Assigned task ->
Once the pictures are removed, restate the data below word for word.
--- Raw data Enclosed Below ---
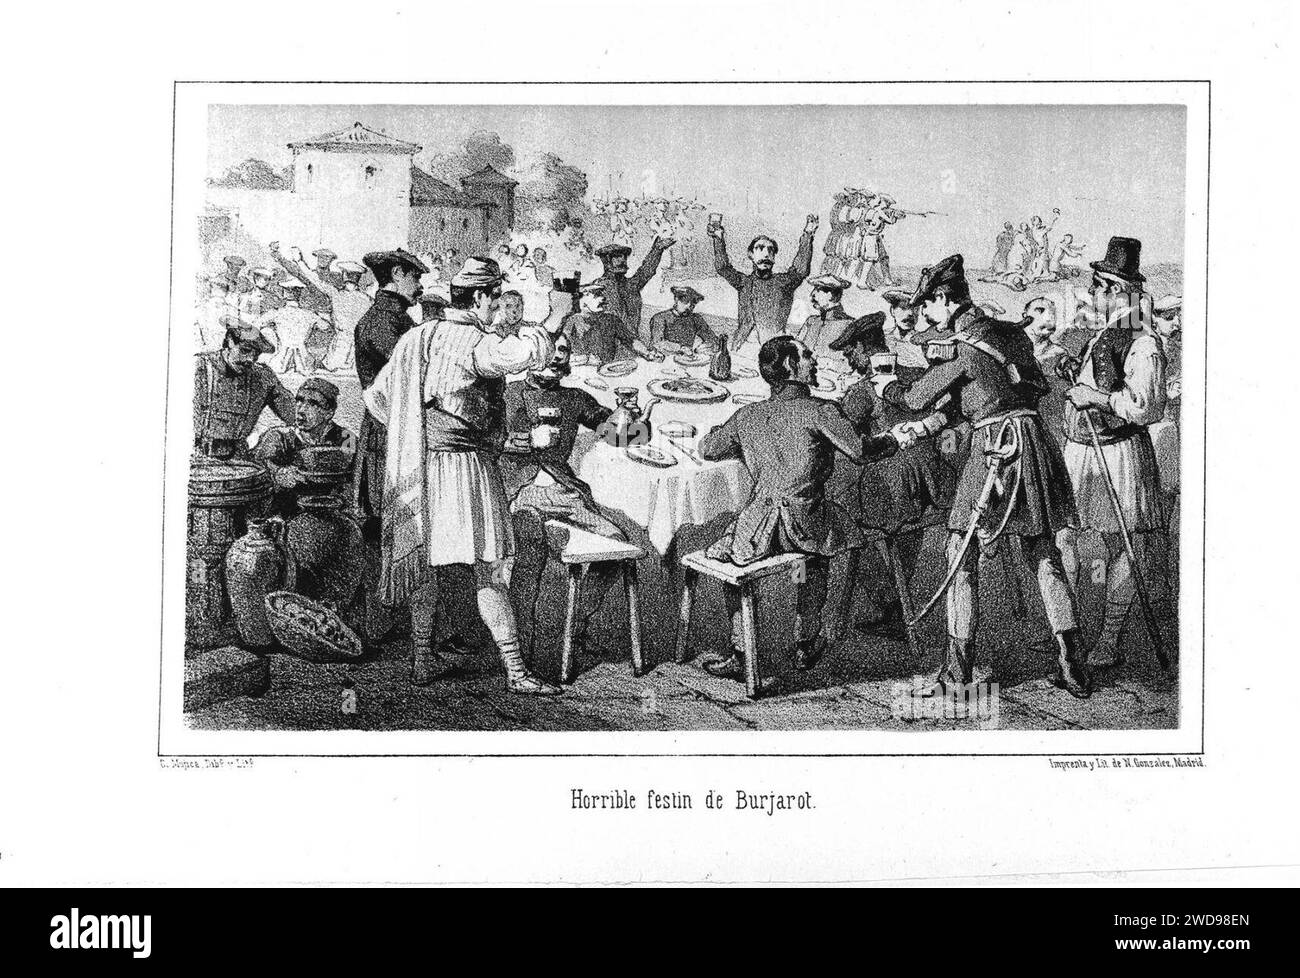 1871-1872, La estafeta de palacio (historia del último reinado), schreckliche festín de Burjarot. Stockfoto
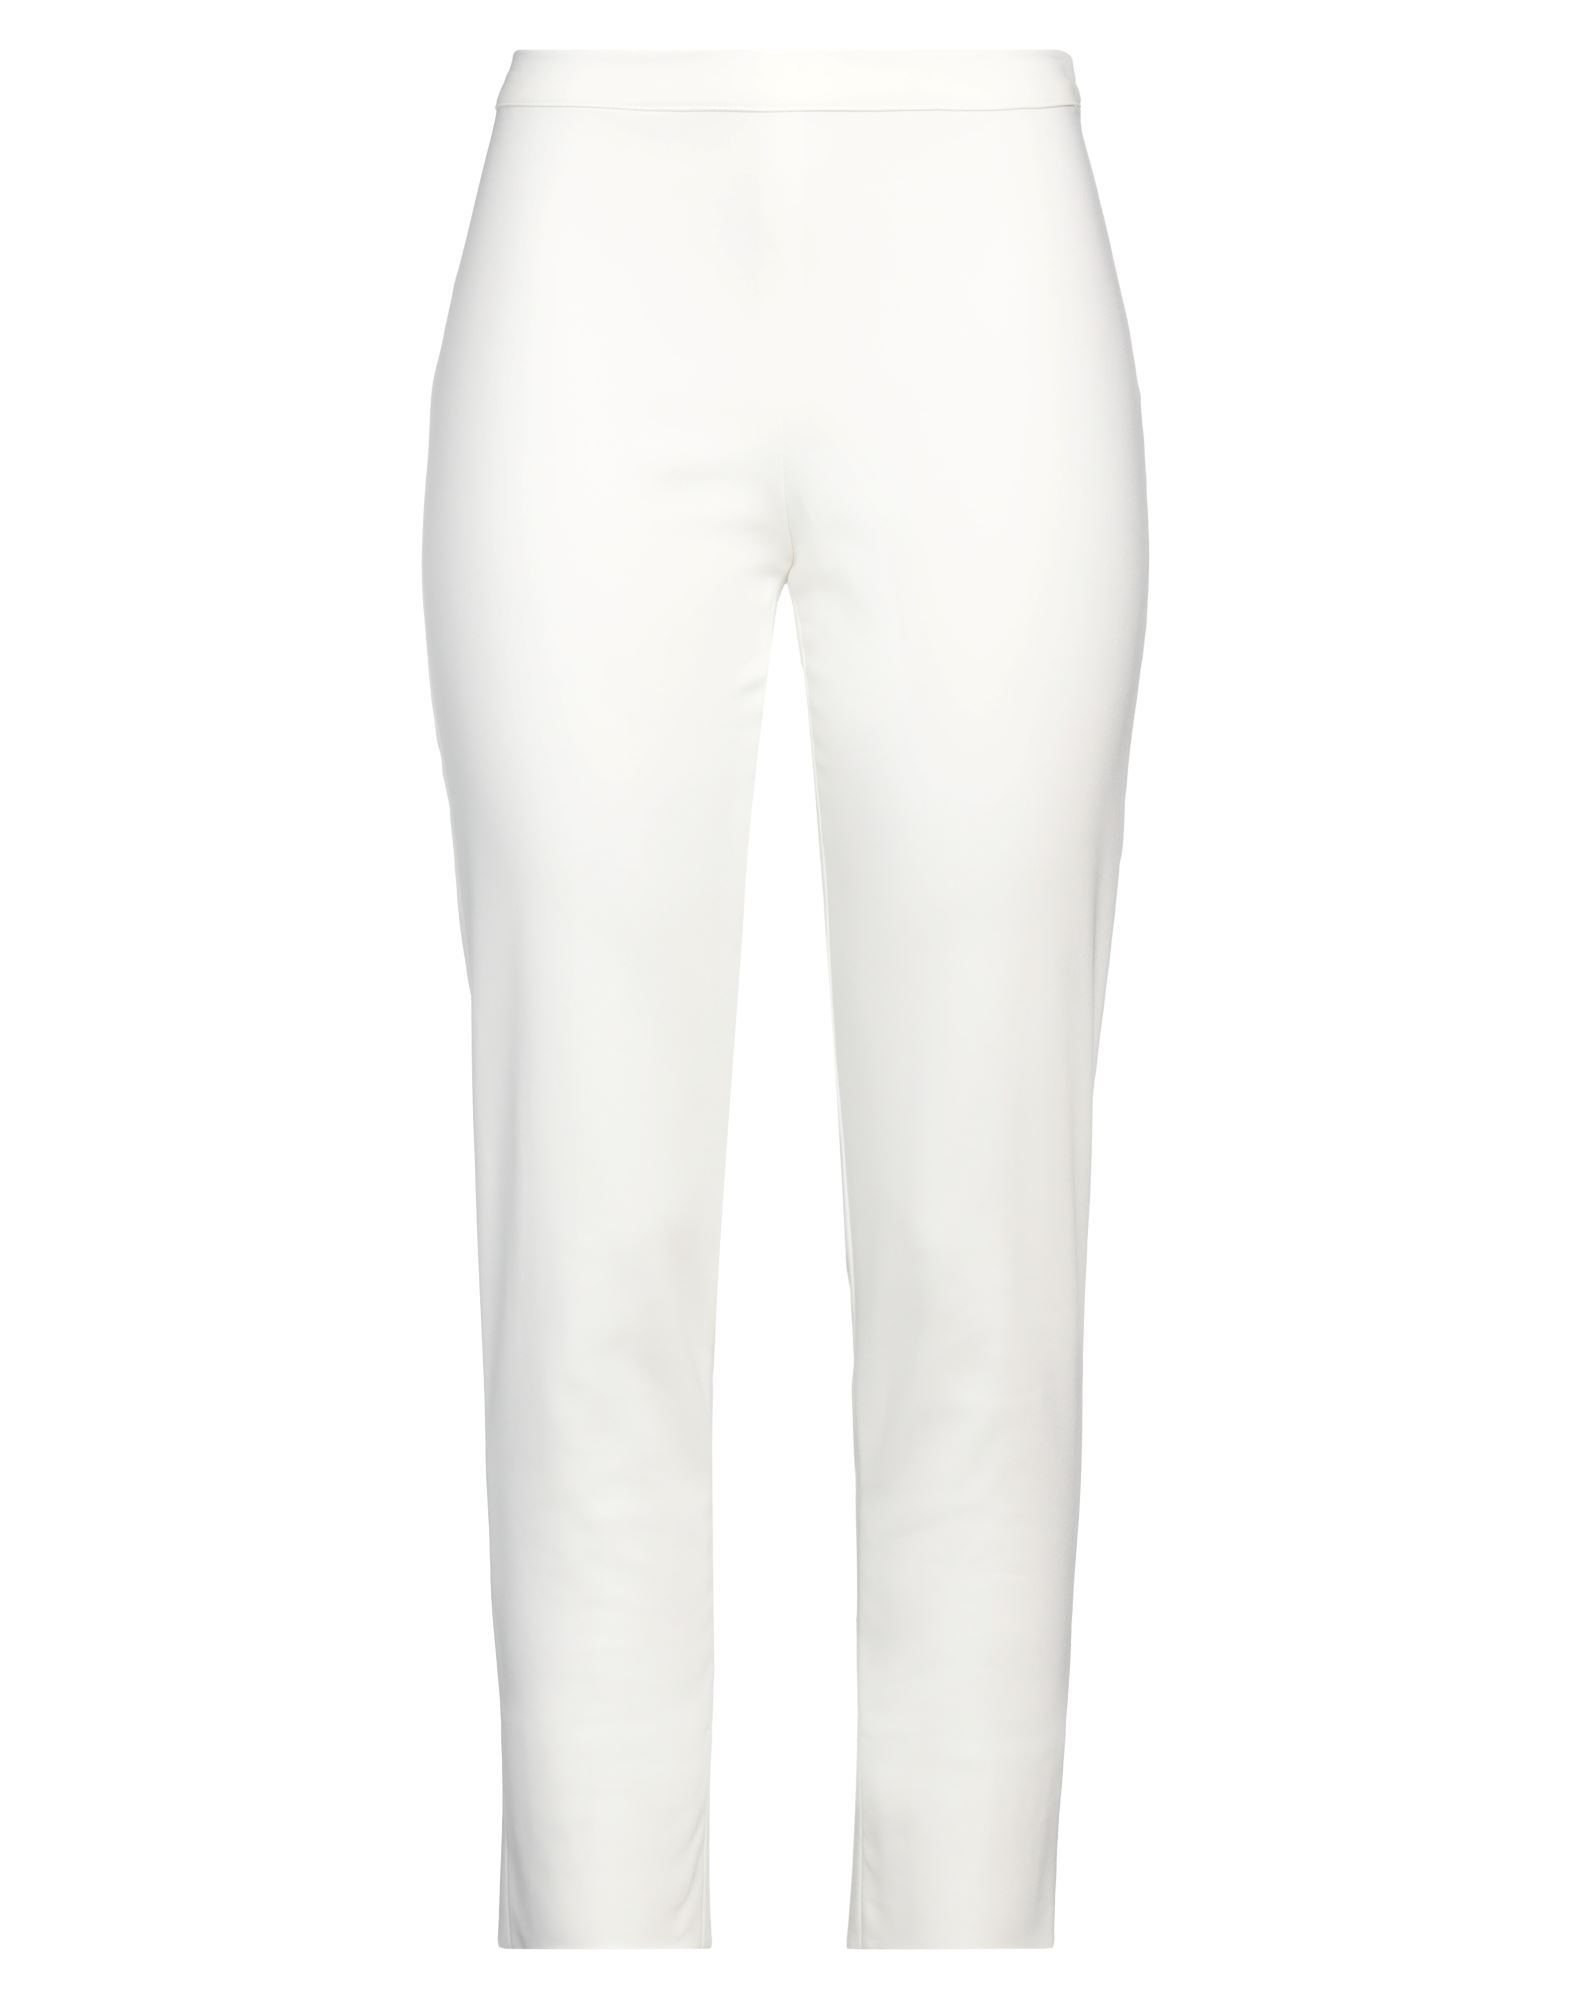 Diana Gallesi Woman Pants White Size 12 Cotton, Polyamide, Elastane
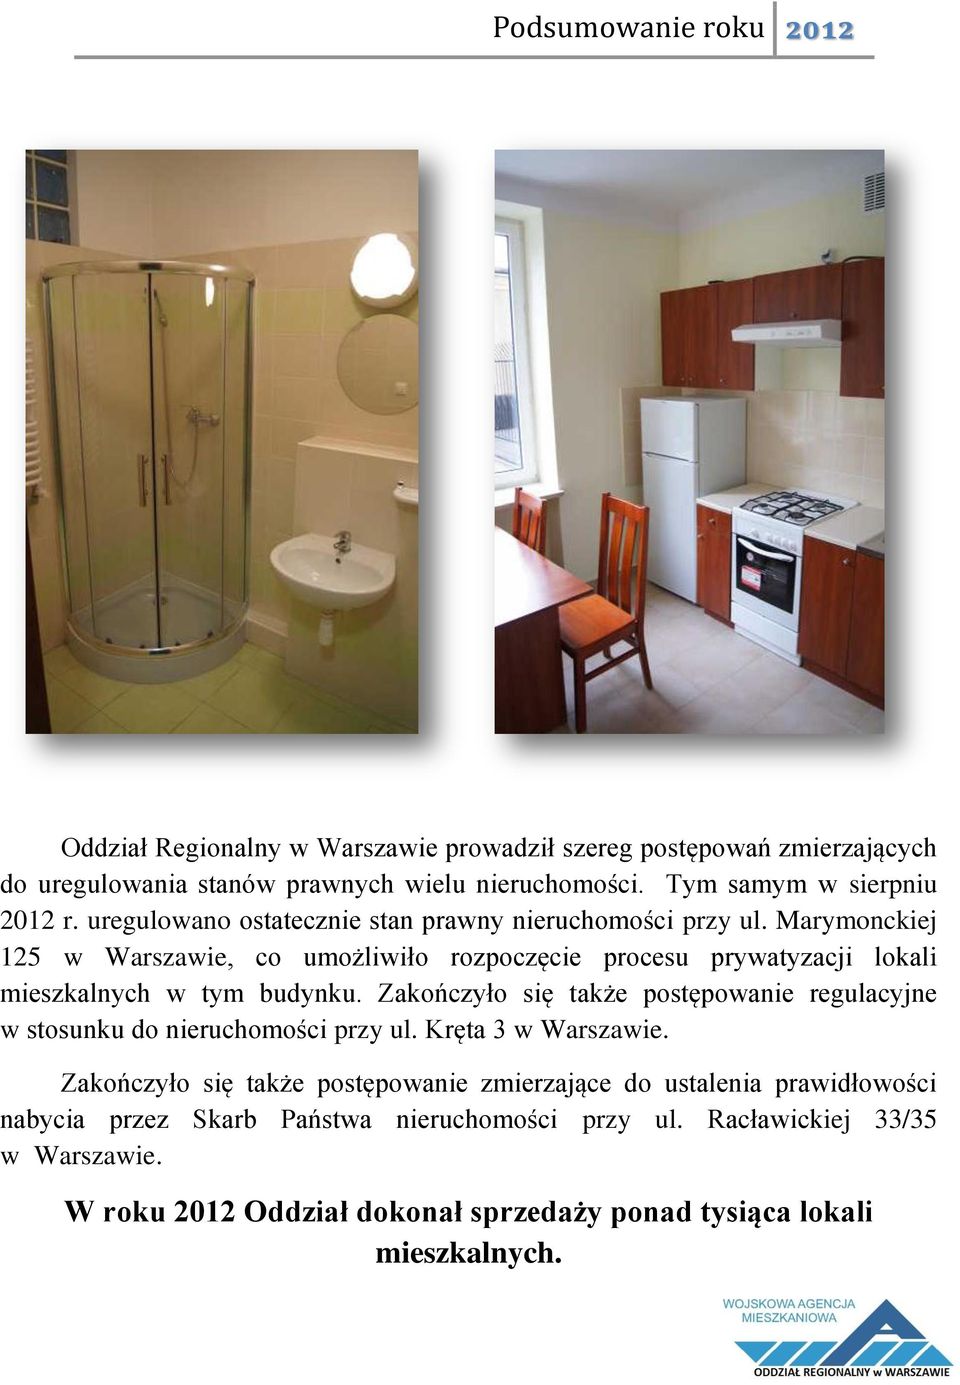 Marymonckiej 125 w Warszawie, co umożliwiło rozpoczęcie procesu prywatyzacji lokali mieszkalnych w tym budynku.
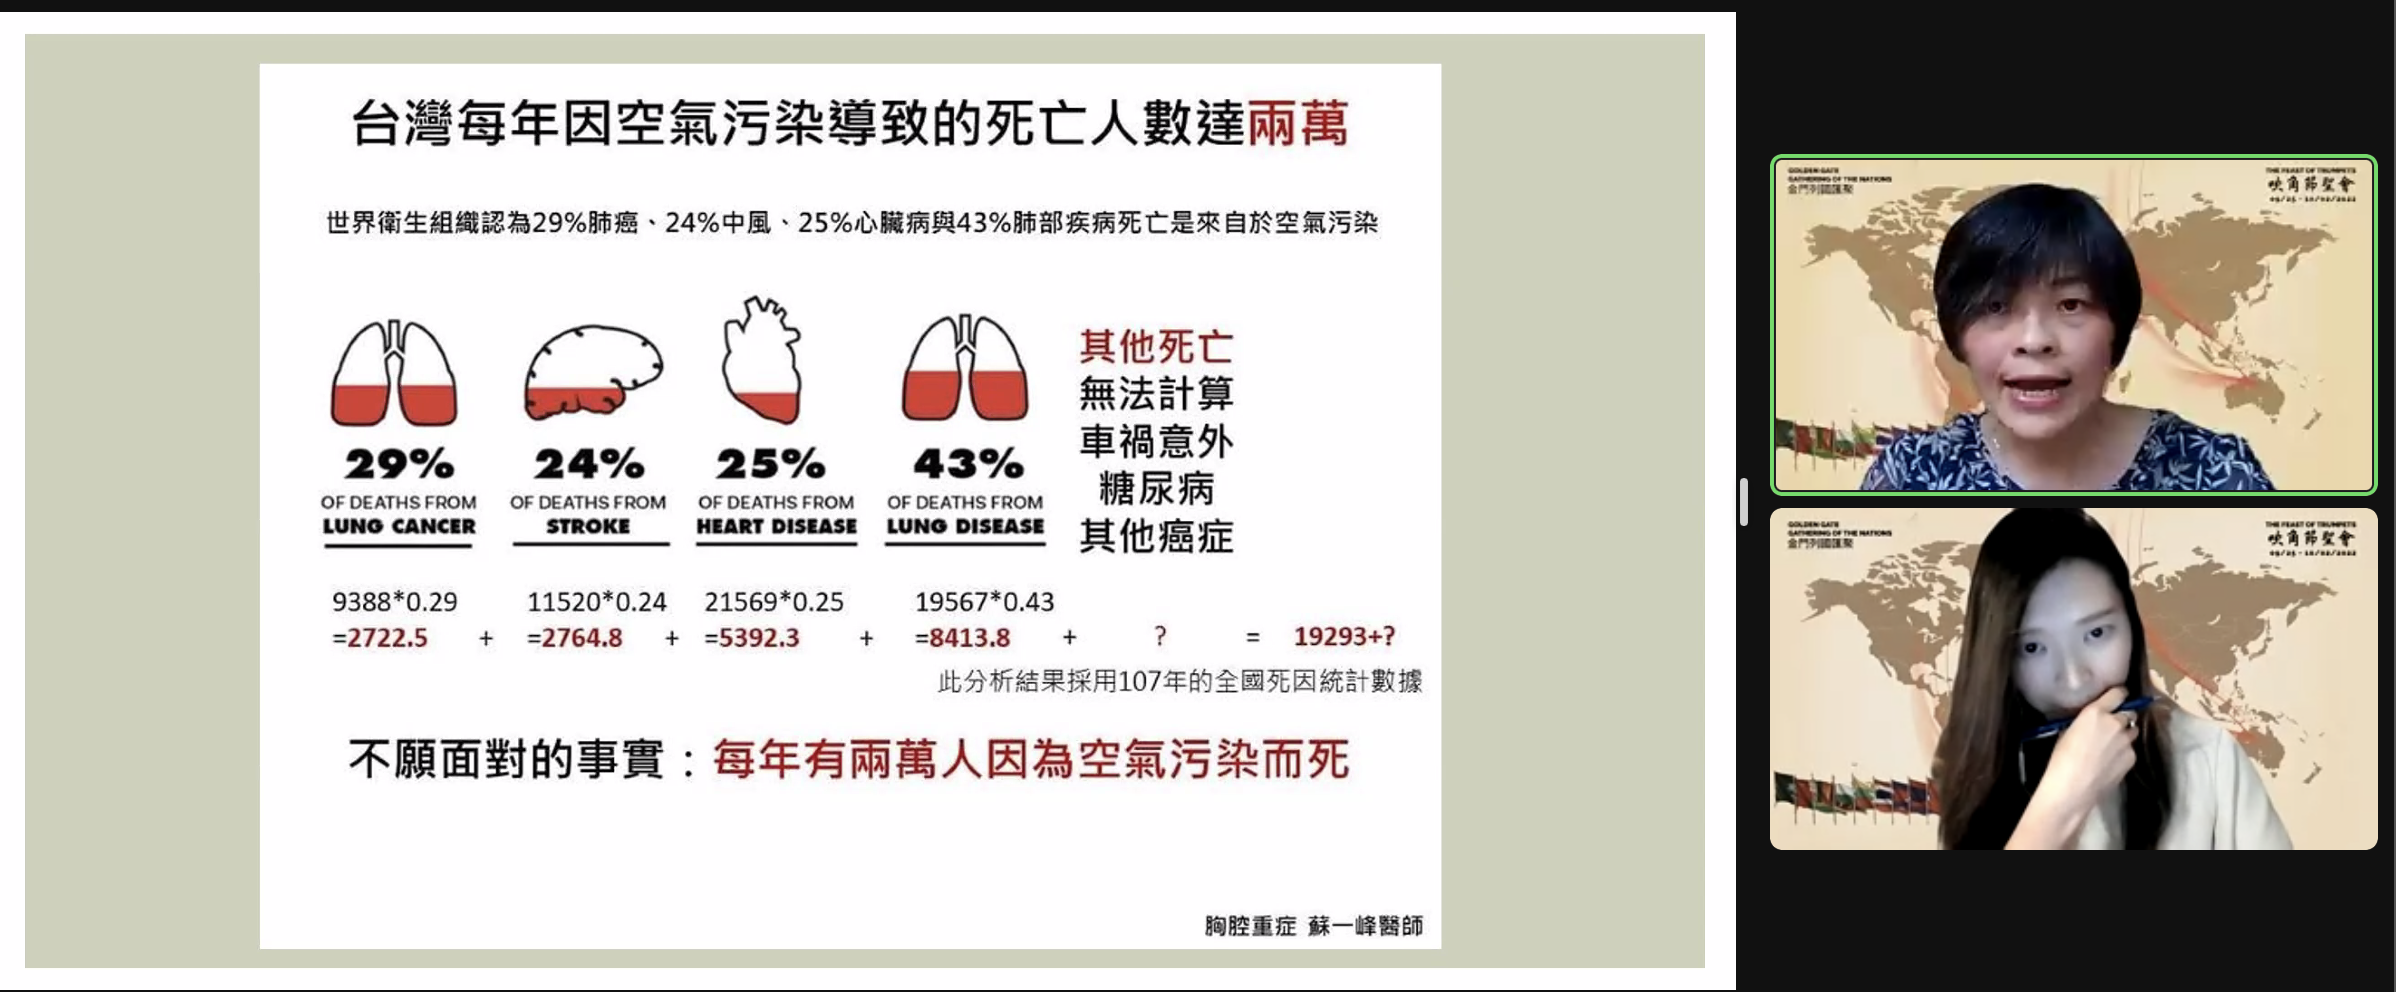 蘇一峰醫師研究台灣每年因空氣污染死亡人數達兩萬人。
--- End of Enclosed Raw data ---
Exercise result ->
 1871-1872, La estafeta de palacio (historia del último reinado), schreckliche festín de Burjarot. Stockfoto
 Diana Gallesi Woman Pants White Size 12 Cotton, Polyamide, Elastane
 Marymonckiej 125 w Warszawie, co umożliwiło rozpoczęcie procesu prywatyzacji lokali mieszkalnych w tym budynku.
 蘇一峰醫師研究台灣每年因空氣污染死亡人數達兩萬人。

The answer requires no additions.